Tensor or pseudo-tensor particles

[RedX]

Why are spin 0 mesons pseudo-scalar, and spin 1 mesons vector?

Why can't spin 0 mesons be scalar, and spin 1 mesons be pseudo-vector?

If observables are bilinear in the fields, then how can you even detect whether a field is pseudo-scalar, since \phi^2 is a scalar no matter if the meson field is pseudo-scalar or scalar?

Also, is it correct to assume that spin 0 mesons obey the Klein-Gordan equation, and spin 1 mesons obey the Maxwell equations but with a mass term, i.e., \mathcal L=-\frac{1}{4} F_{\mu \nu}F^{\mu \nu}-\frac{m}{2}A_\mu A^\mu?

 

[DrDu]

As these mesons have integer spin, they are bosons and the observables don't have to be bilinear but also linear operators may be observables.

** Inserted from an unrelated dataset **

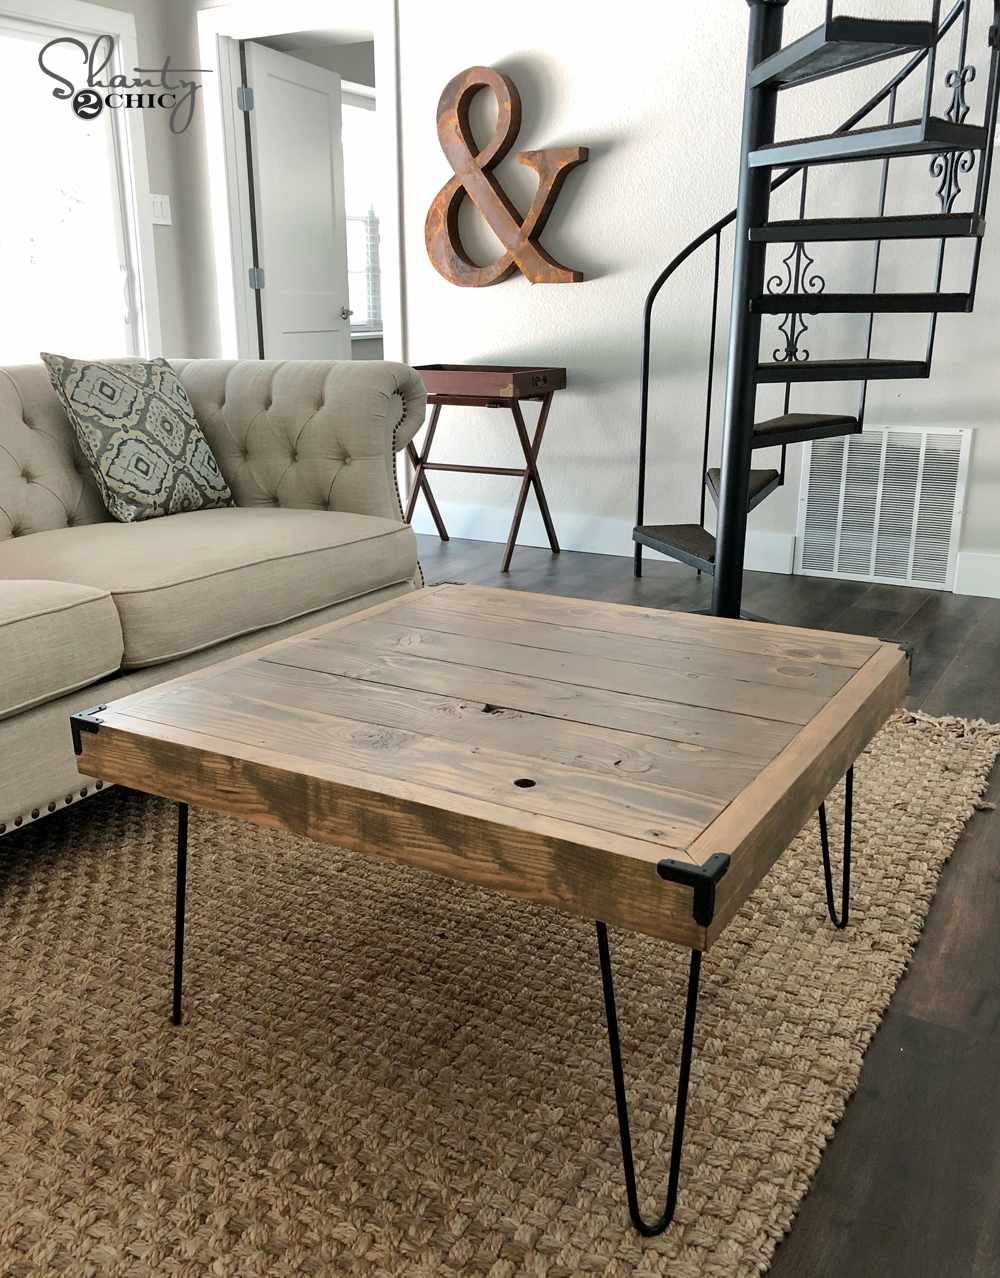 Coffee table with a rustic design

So you could detect the change of the sign of phi under parity.

 

[lpetrich]

It's possible for spin-0 particles to be scalar (positive parity). If it exists, the Standard-Model Higgs would be.

Pions are the like are negative parity because they are quark-antiquark composites in an orbital ground state.
Quark: +
Antiquark: -
Spin-0 orbit: +
Total: -

 

[Meir Achuz]

Why are spin 0 mesons pseudo-scalar, and spin 1 mesons vector?

Why can't spin 0 mesons be scalar, and spin 1 mesons be pseudo-vector?

If observables are bilinear in the fields, then how can you even detect whether a field is pseudo-scalar, since \phi^2 is a scalar no matter if the meson field is pseudo-scalar or scalar?

1. Spin zero mesons can be scalar. The (somewhat controversal) sigma meson is a spin zero scalar. In the quark model, the quark-antiquark combination has intrinsic negative parity. This makes the quark model mesons as 0^- and 1^-, pseudoscalar and vector.

2. Parity is determined experimentally in transitions.
The pion was originally determined to be a pseudoscalar from angular distributions in N+N-->N+N+pi/